> _Action item_
An exact copy is needed of the lines in the entries below from the line with "Ravissante table d'appoint" up to and including the line with "Le plateau est", and of nothing else. Leave the pictures out.

> _Input_

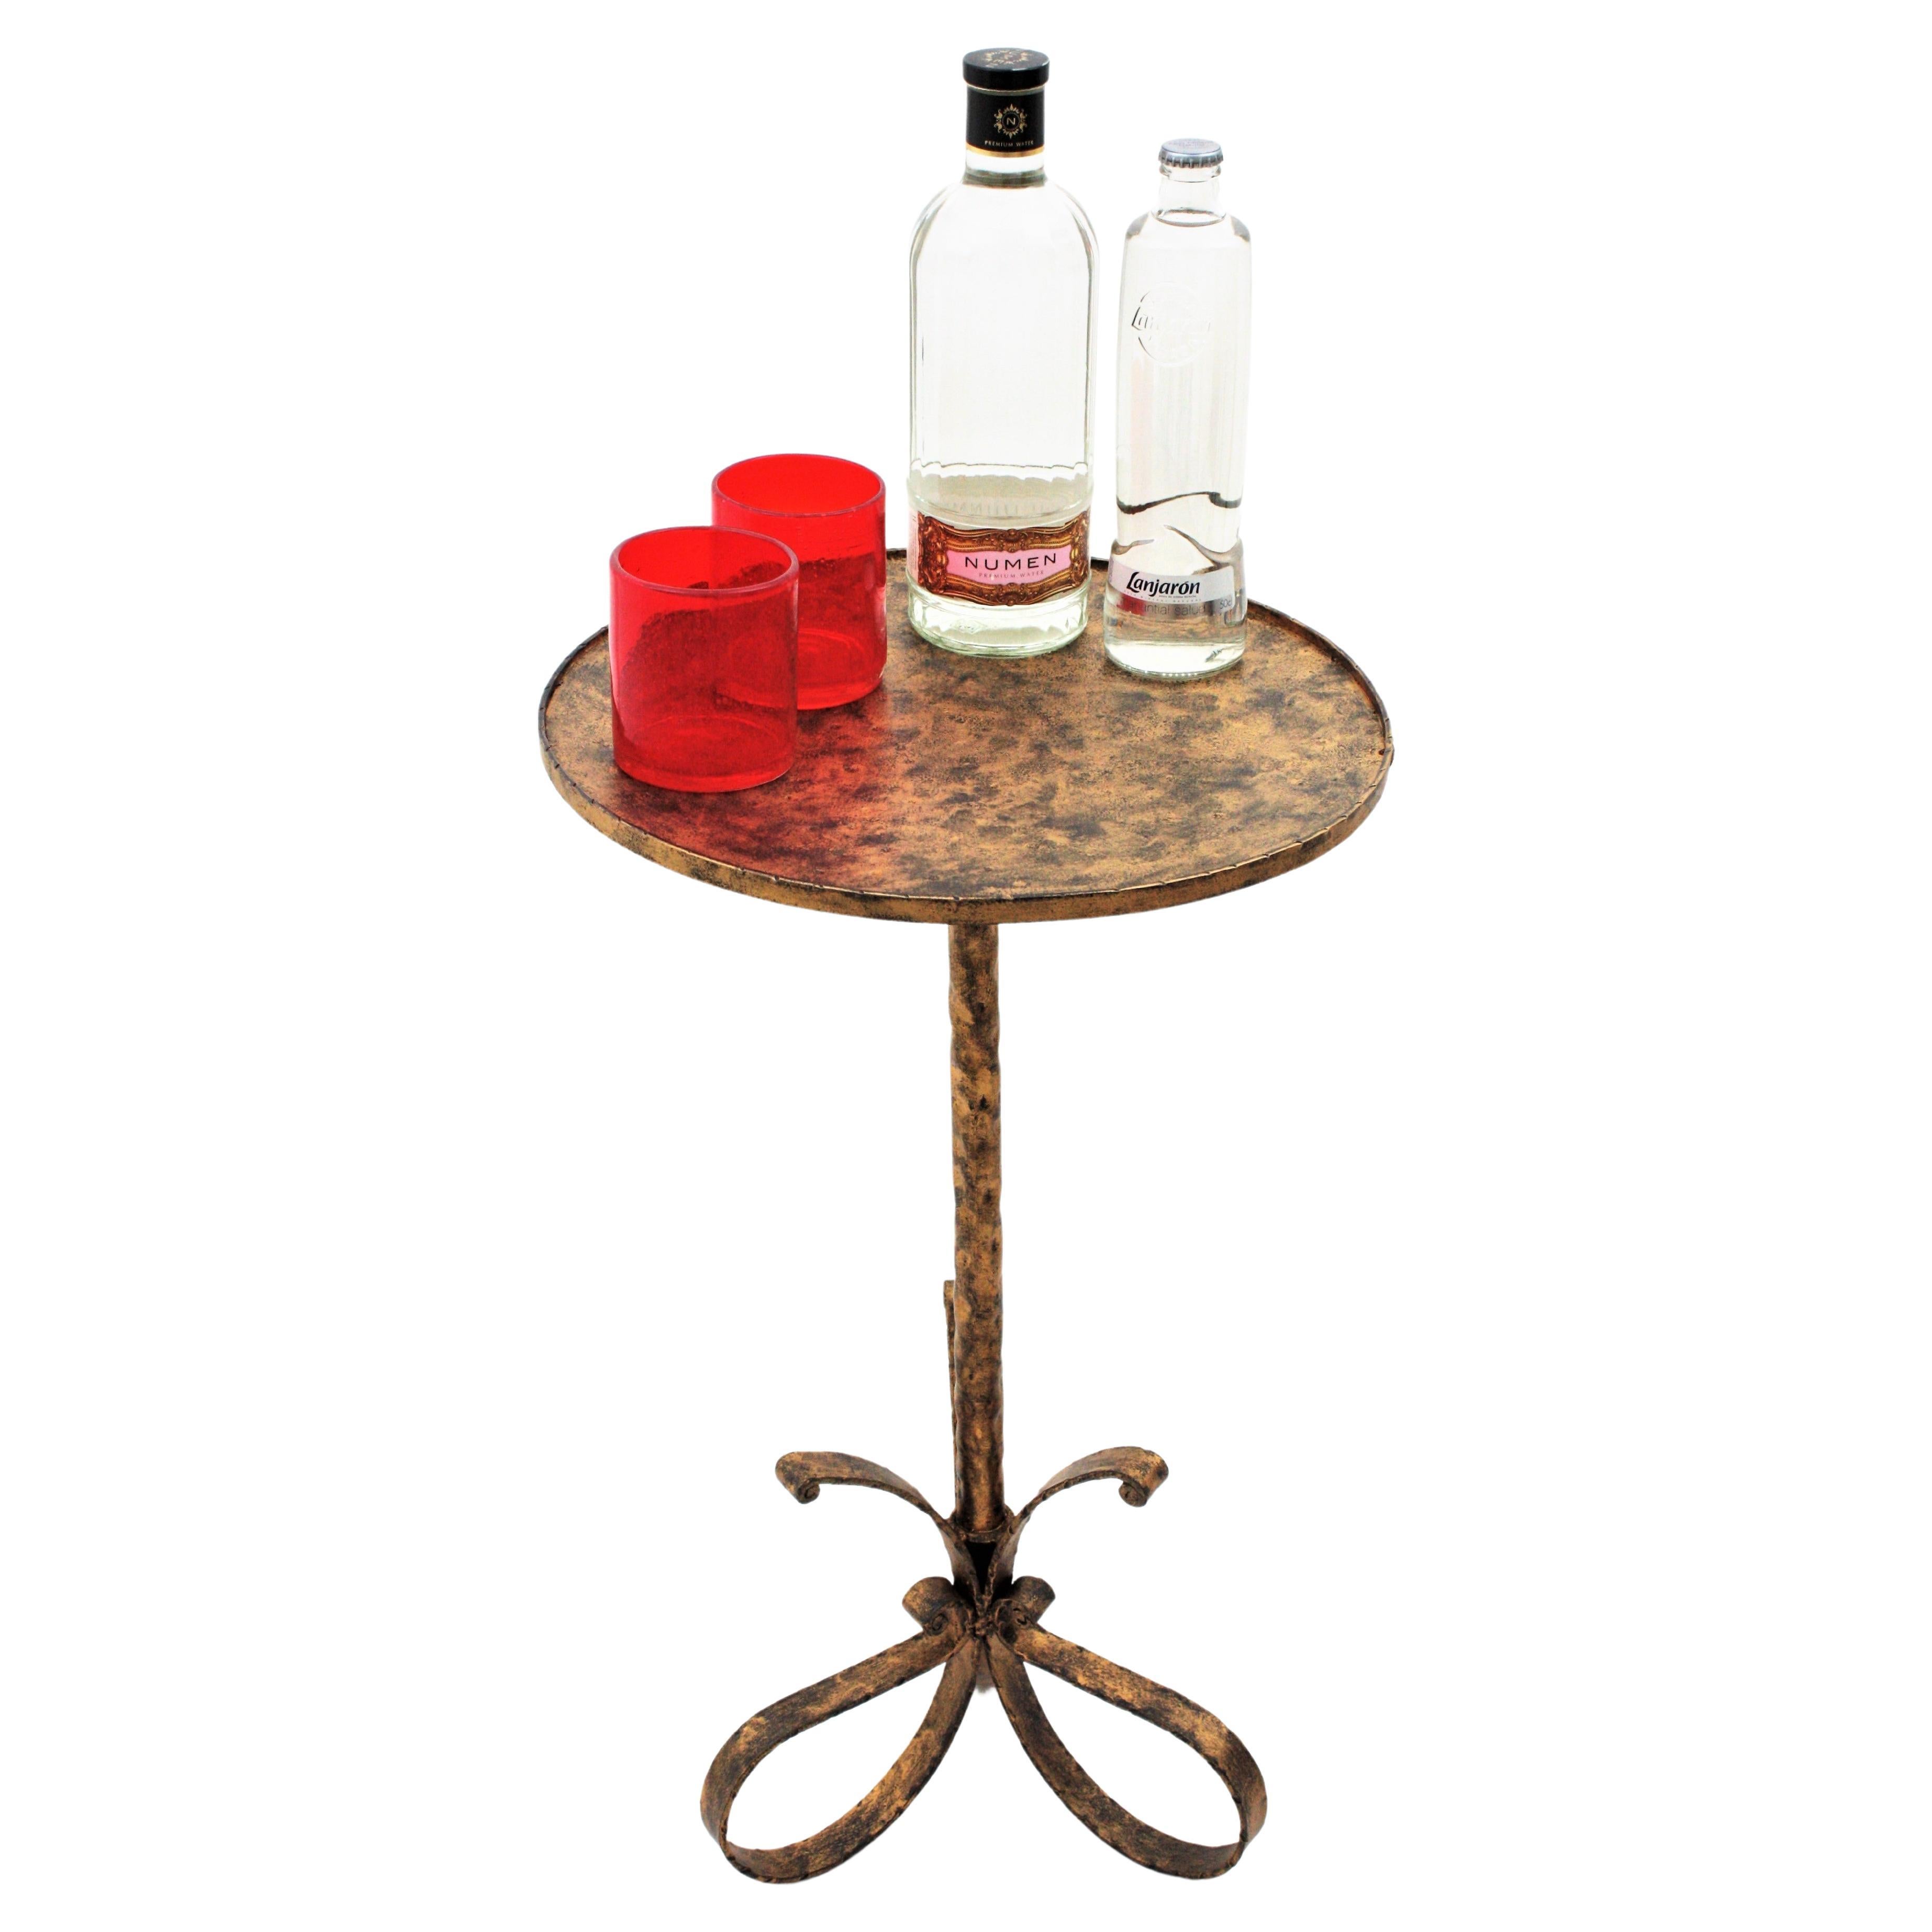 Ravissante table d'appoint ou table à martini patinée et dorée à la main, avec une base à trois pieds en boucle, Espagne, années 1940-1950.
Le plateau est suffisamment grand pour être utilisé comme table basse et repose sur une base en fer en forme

--

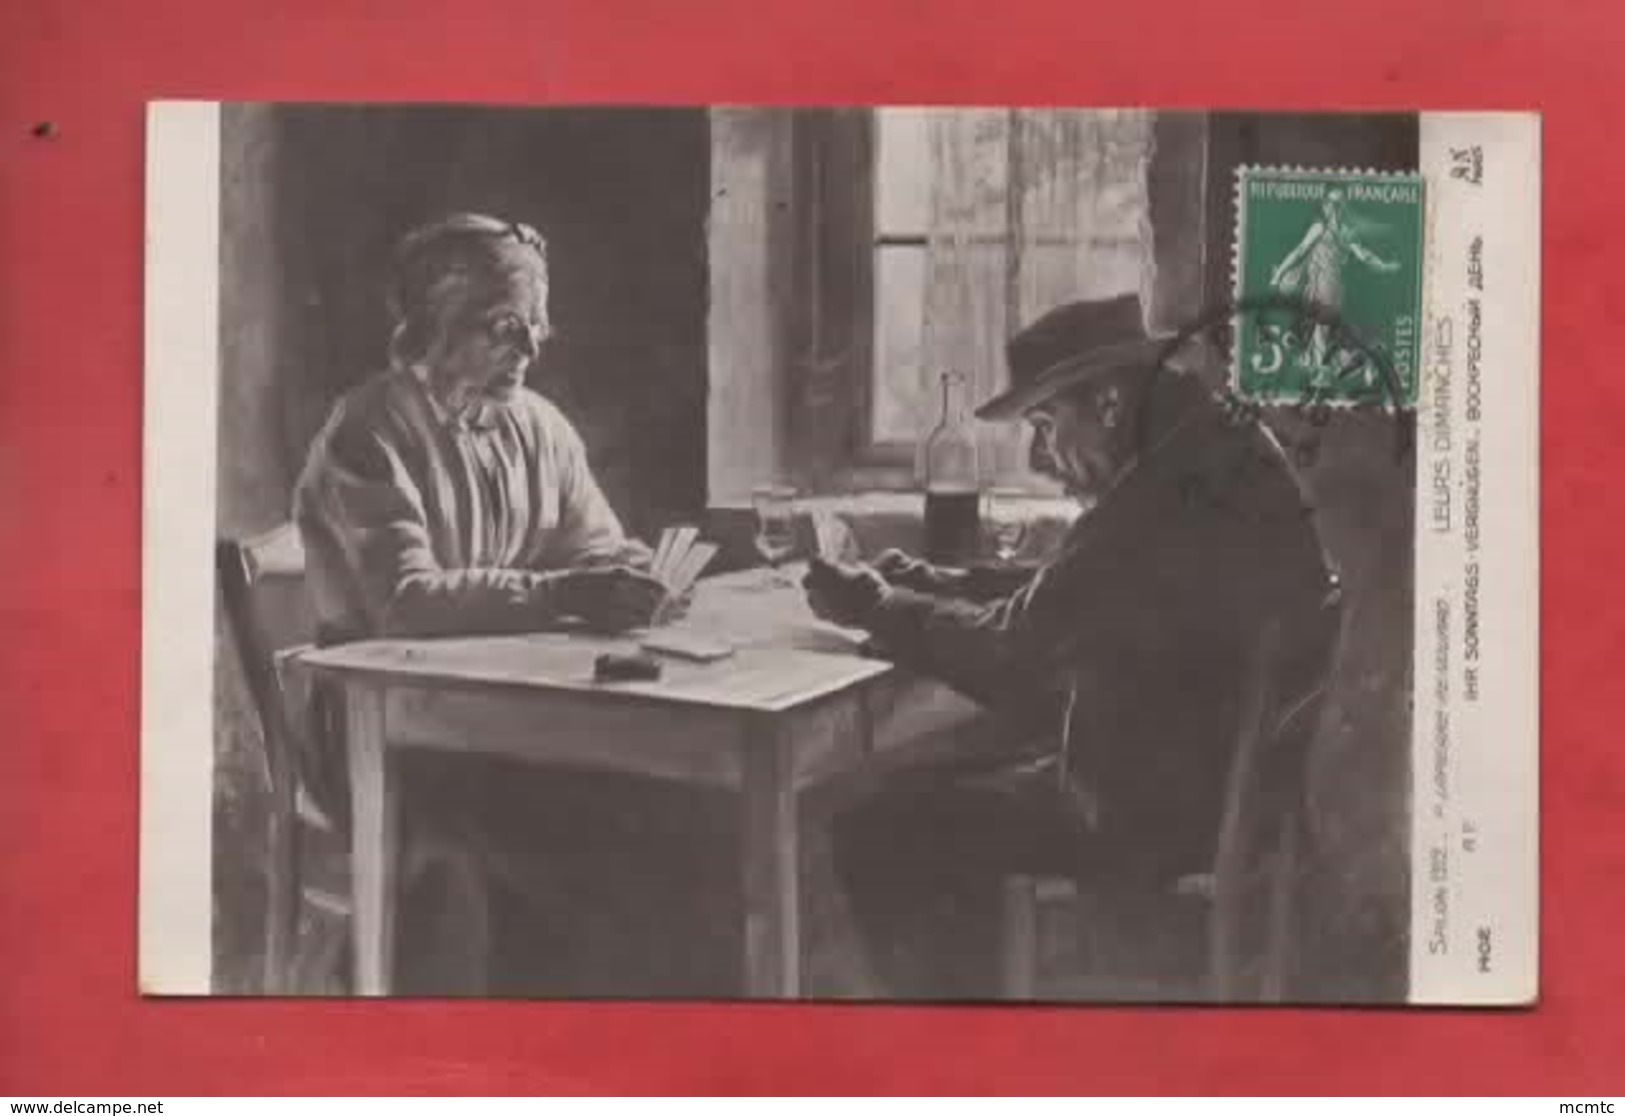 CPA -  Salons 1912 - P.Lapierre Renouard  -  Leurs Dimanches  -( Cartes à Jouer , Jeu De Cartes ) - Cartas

> _Answer to this exercise_
 Ravissante table d'appoint ou table à martini patinée et dorée à la main, avec une base à trois pieds en boucle, Espagne, années 1940-1950.
Le plateau est suffisamment grand pour être utilisé comme table basse et repose sur une base en fer en forme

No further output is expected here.